Loop Contracts

Introduction

Loop contracts are used to specify invariants for loops for the sake of extending Kani's bounded proofs to unbounded proofs. A loop invariant is an expression that holds upon entering a loop and after every execution of the loop body. Loop contracts are composed of one or more loop invariants as well as optional loop_modifies attributes. It captures something that does not change about every step of the loop.

It is worth revisiting the discussion about bounded proof and loop unwinding. In short, bounds on the number of times Kani unwinds loops also bound the size of inputs, and hence result in a bounded proof. Loop contracts are used to abstract out loops as non-loop blocks to avoid loop unwinding, and hence remove the bounds on the inputs.

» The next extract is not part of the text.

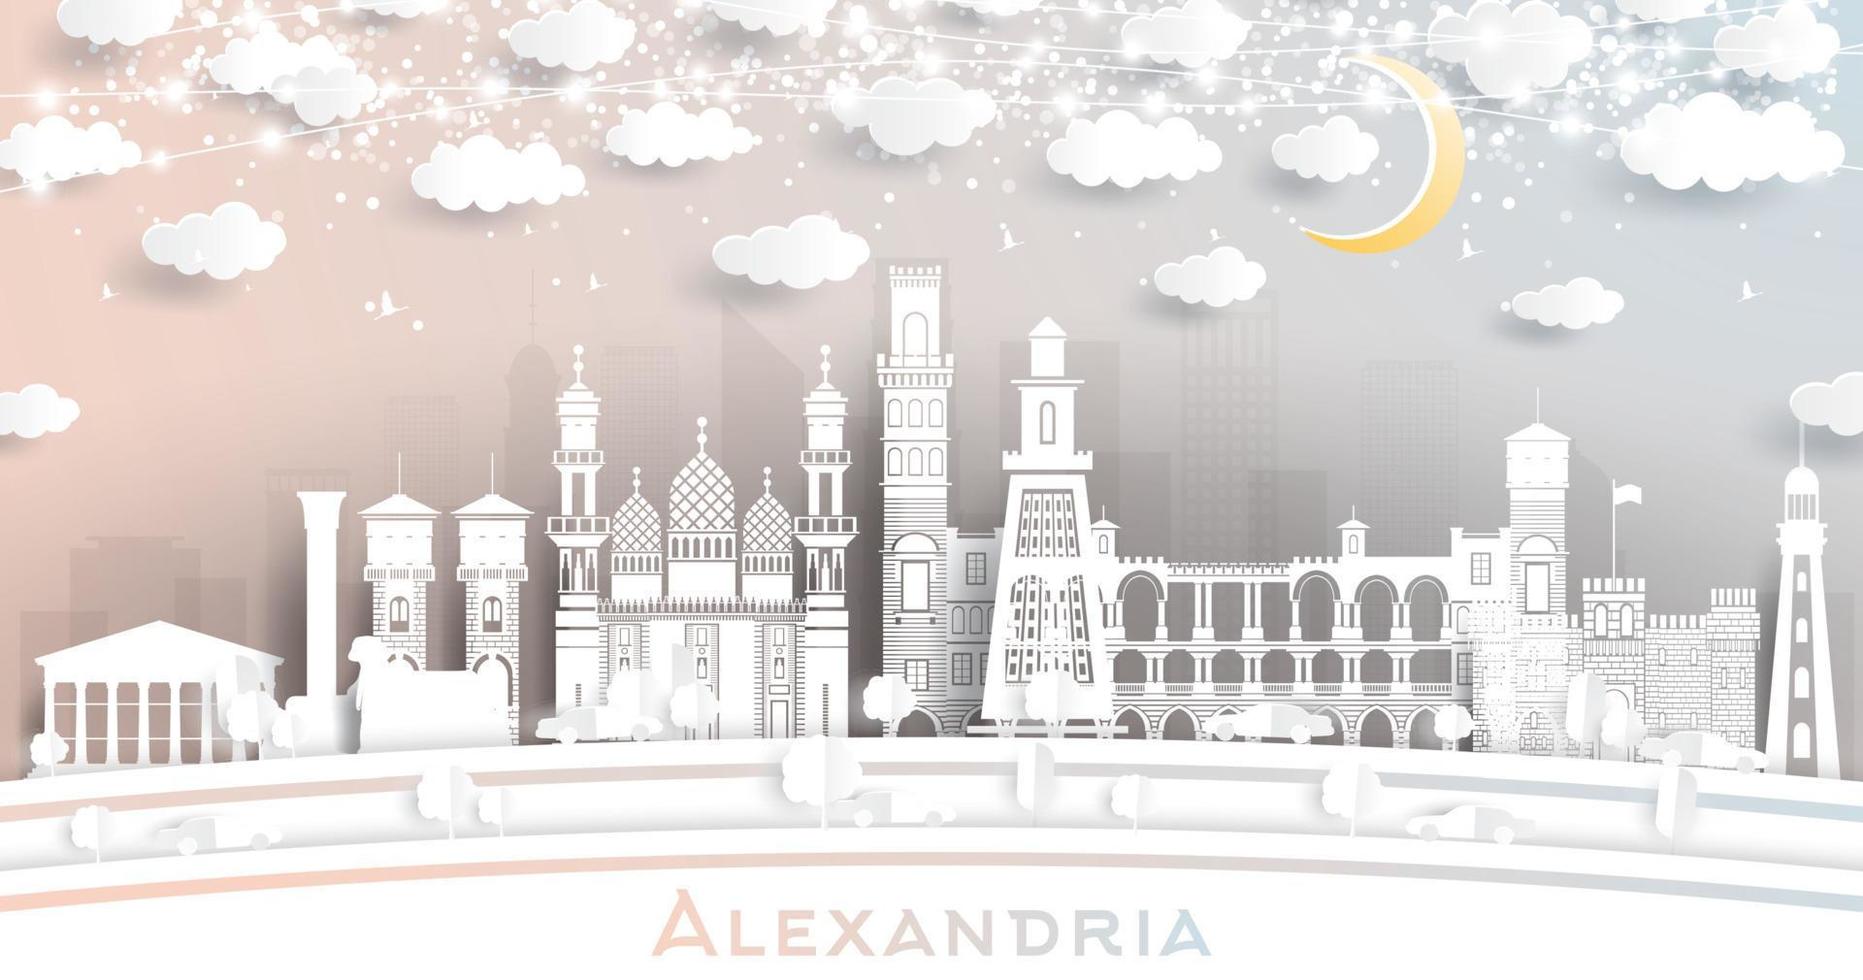 alexandria egypt city skyline im papierschnittstil mit weißen gebäuden, mond und neongirlande. vektor

Consider the following example:

fn simple_loop() {
    let mut x: u64 = kani::any_where(|i| *i >= 1);

    while x > 1 {
        x = x - 1;
    }

    assert!(x == 1);
}

In this program, the loop repeatedly decrements x until it equals 1. Because we haven't specified an upper bound for x, to verify this function, Kani needs to unwind the loop for u64::MAX iterations, which is intractable. Loop contracts allow us to abstract the loop behavior, significantly reducing the verification cost.

With loop contracts, we can specify the loop’s behavior using invariants. For example:

#![feature(stmt_expr_attributes)]
#![feature(proc_macro_hygiene)]

fn simple_loop_with_loop_contracts() {
    let mut x: u64 = kani::any_where(|i| *i >= 1);

    #[kani::loop_invariant(x >= 1)]
    while x > 1 {
        x = x - 1;
    }

    assert!(x == 1);
}

Here, the loop invariant #[kani::loop_invariant(x >= 1)] specifies that the condition x >= 1 must hold true at the start of each iteration before the loop guard is checked. Once Kani verifies that the loop invariant is inductive, it will use the invariant to abstract the loop and avoid unwinding.

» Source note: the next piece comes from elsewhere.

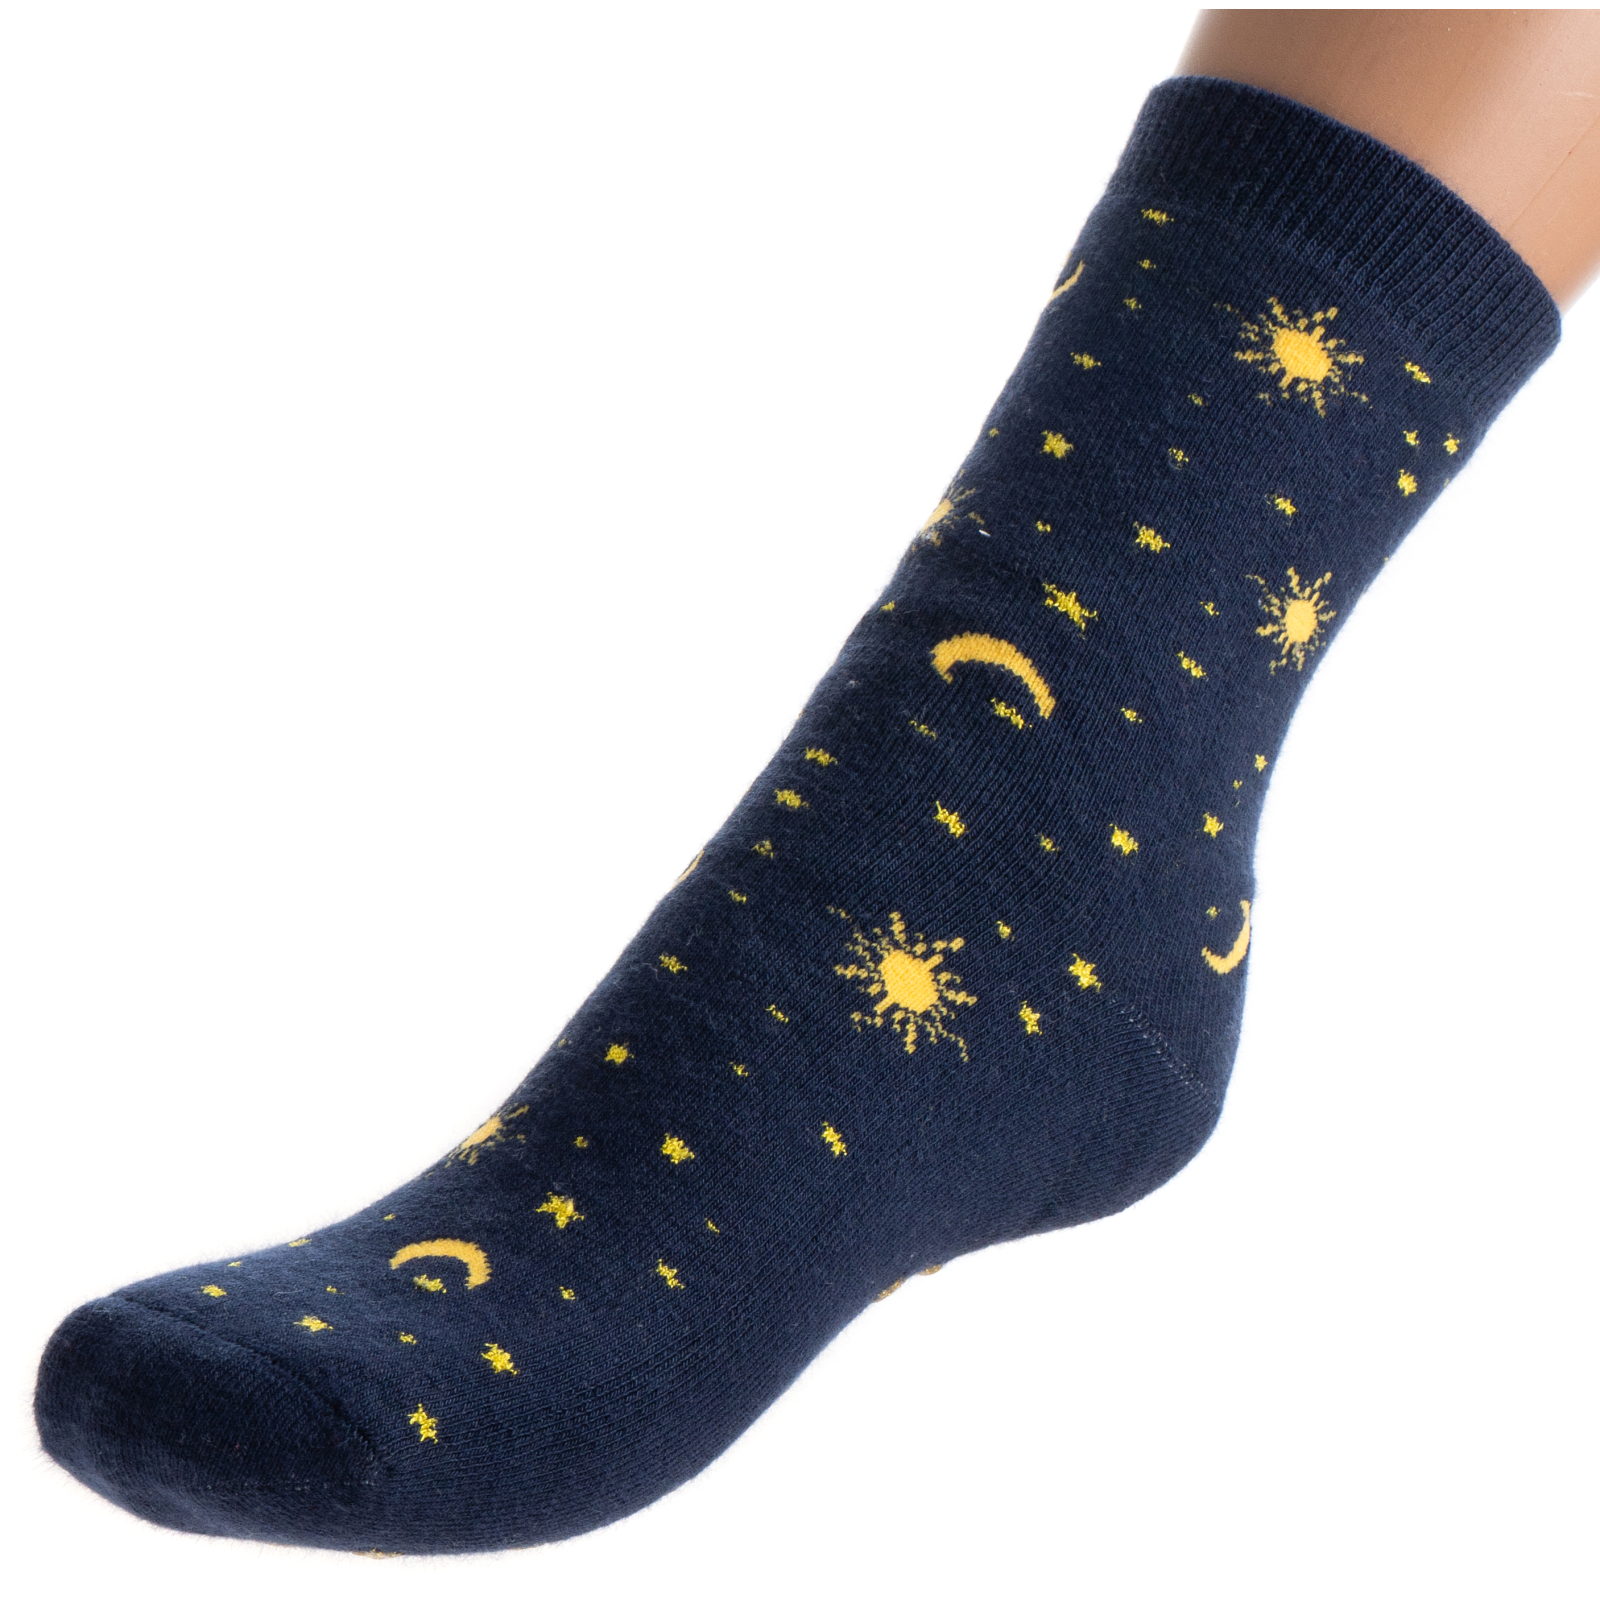 Носки детские Bross махровые со звездочками (10196-8-blue)

Now let's run the proof with loop contracts through kani:

kani simple_loop_with_loop_contracts.rs  -Z loop-contracts

The output reported by Kani on the example will be

...


Check 10: simple_loop_with_loop_contracts.loop_invariant_base.1
         - Status: SUCCESS
         - Description: "Check invariant before entry for loop simple_loop_with_loop_contracts.0"
         - Location: simple_while_loop.rs:15:5 in function simple_loop_with_loop_contracts

Check 11: simple_loop_with_loop_contracts.loop_assigns.1
         - Status: SUCCESS
         - Description: "Check assigns clause inclusion for loop simple_loop_with_loop_contracts.0"
         - Location: simple_while_loop.rs:15:5 in function simple_loop_with_loop_contracts

Check 13: simple_loop_with_loop_contracts.assigns.1
         - Status: SUCCESS
         - Description: "Check that x is assignable"
         - Location: simple_while_loop.rs:17:9 in function simple_loop_with_loop_contracts

Check 14: simple_loop_with_loop_contracts.loop_invariant_step.1
         - Status: SUCCESS
         - Description: "Check invariant after step for loop simple_loop_with_loop_contracts.0"
         - Location: simple_while_loop.rs:15:5 in function simple_loop_with_loop_contracts

Check 15: simple_loop_with_loop_contracts.loop_invariant_step.2
         - Status: SUCCESS
         - Description: "Check invariant after step for loop simple_loop_with_loop_contracts.0"
         - Location: simple_while_loop.rs:15:5 in function simple_loop_with_loop_contracts

...

SUMMARY:
 ** 0 of 99 failed

VERIFICATION:- SUCCESSFUL
Verification Time: 0.3897019s

Complete - 1 successfully verified harnesses, 0 failures, 1 total.

Syntax and Semantics

Syntax

#[kani::loop_invariant( Expression )]

LoopExpression

An invariant contract #[kani::loop_invariant(cond)] accepts a valid Boolean expression cond over the variables visible at the same scope as the loop.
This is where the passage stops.